This allows it to be used with any RNN type. Note that overriding `trainable` is not necessary most of the time, because it falls back to calling `functor` which `@functor` implements for you.

Per Model Reference · Flux , the time dimension is 3rd/last when using a dense input.

However, aren’t I dealing directly with the stateful cells? `LSTM` gives a `Recur{LSTMCell{...}}`.

My input is of the form 300xN, with 300 being “time” (Length of a Vector). Running `LSTM(30,10)` on the `Embedding(37,30)` of an input array gives me an array `10×300×64`. “Time” is second, and the third is the batch.
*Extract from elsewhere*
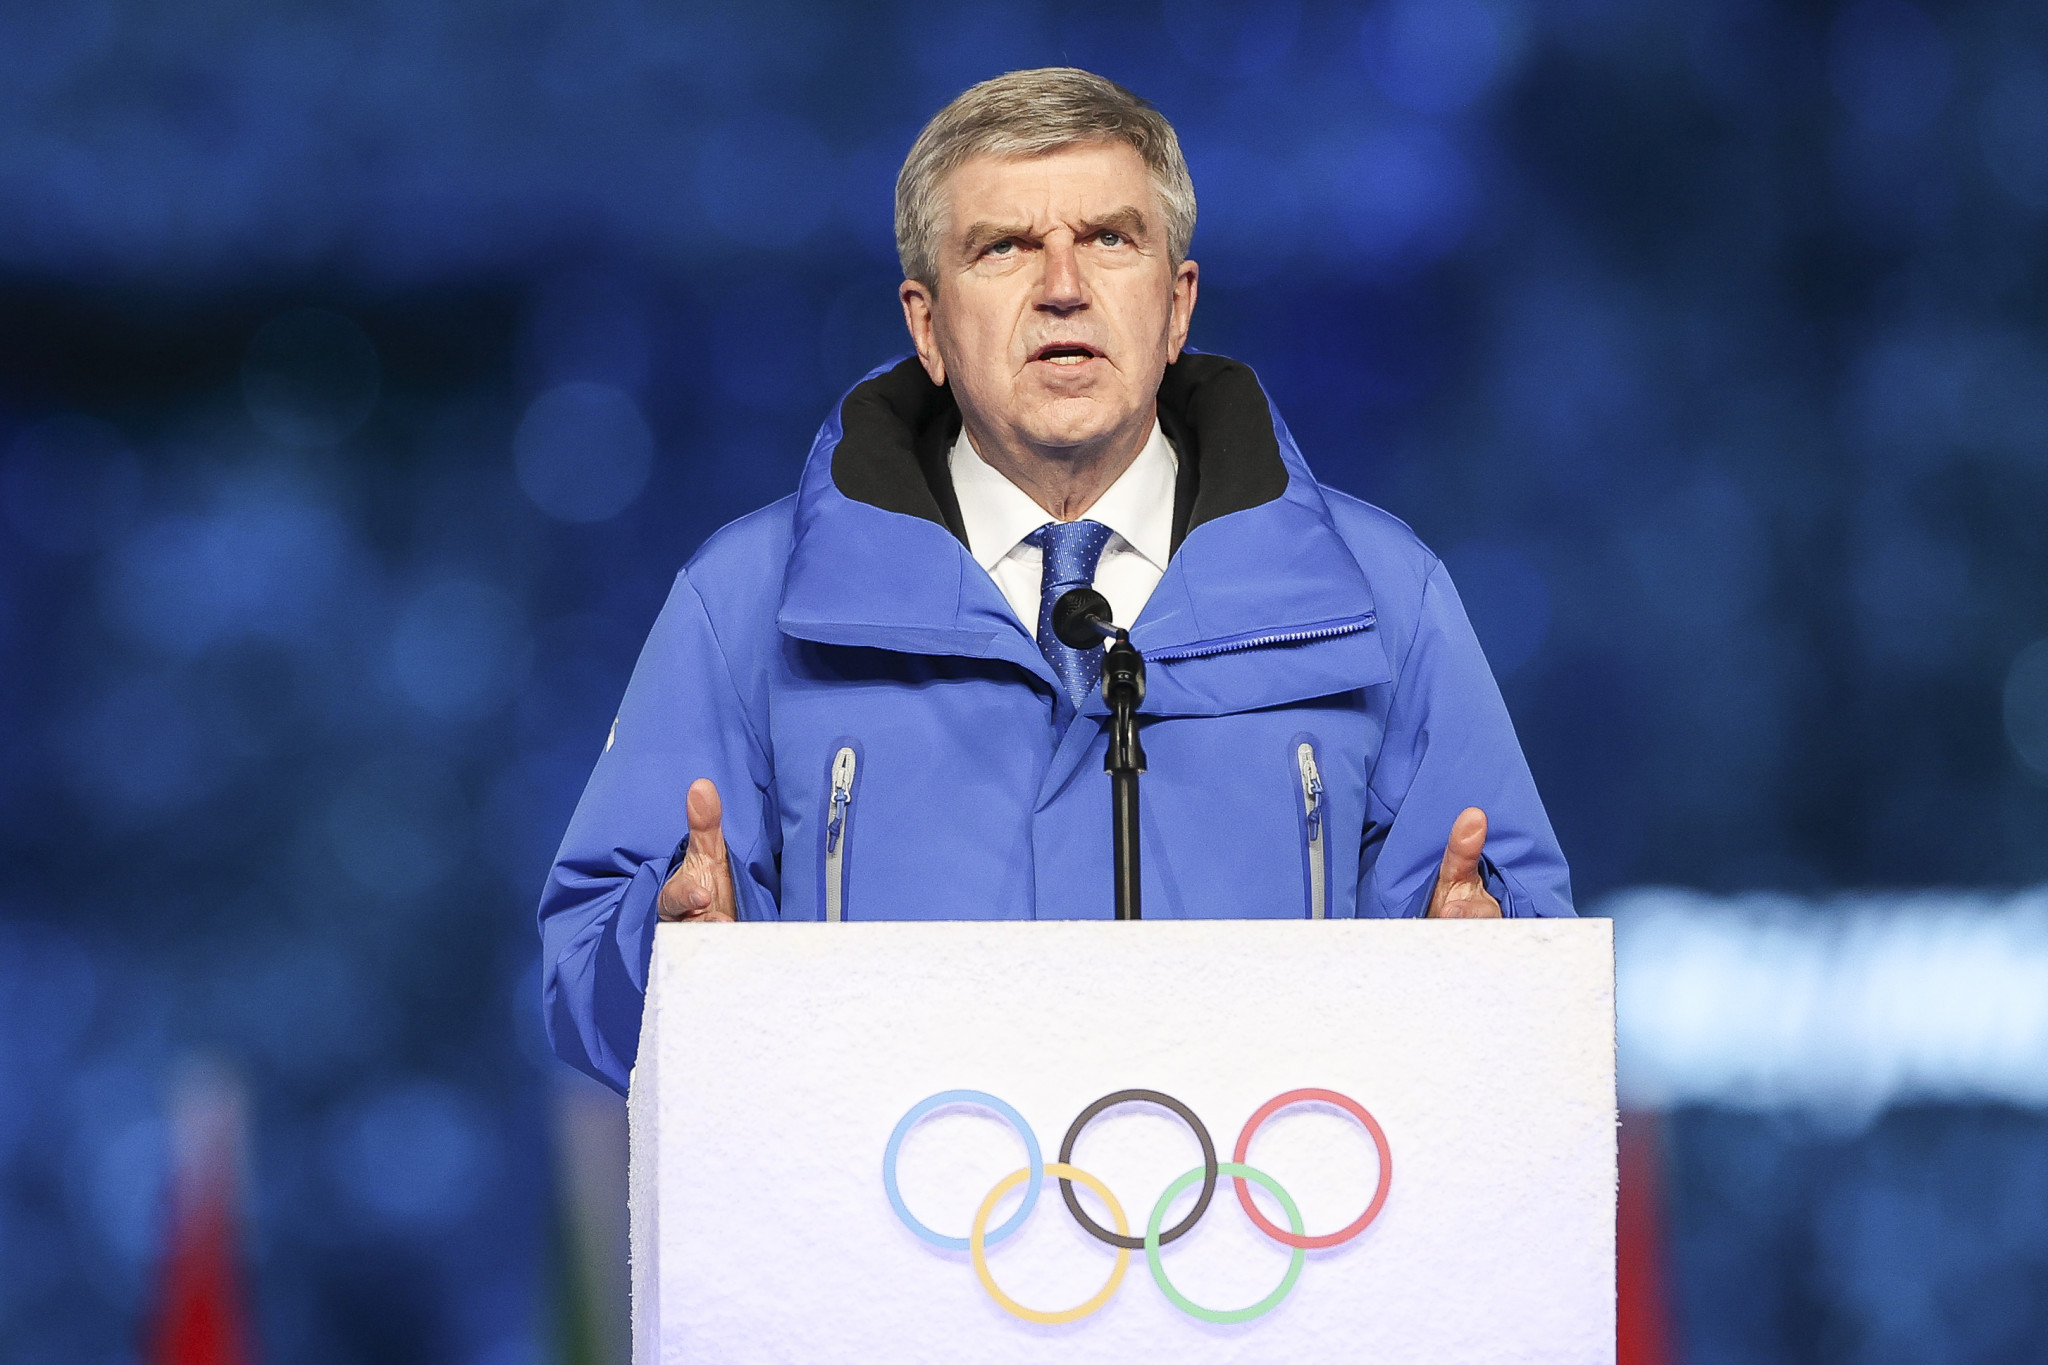 The Olympic bid process and support for Ukrainian athletes were among the topics discussed when IOC President Thomas Bach met with DOSB President Thomas Weikert ©Getty Images

That docs section is also dealing with stateful cells (that’s what `Recur` is, a wrapper that makes cells and other functions stateful). Note that `LSTM === Recur{LSTMCell} <: Recur`.

Unfortunately we have no way of detecting intent and warning about this, but those input dimensions are backwards. Calling an RNN with an input of shape `features×time×batch` won’t error, but it will compute the wrong results. The only accepted format is `features×batch×time` (see note → [1]), so having the last 2 dimensions backwards means that network outputs will be completely wrong.

Thankfully, there’s an easy fix for this. If you transpose your input from `300xN` to `Nx300` before feeding it to the `Embedding`, everything will work correctly.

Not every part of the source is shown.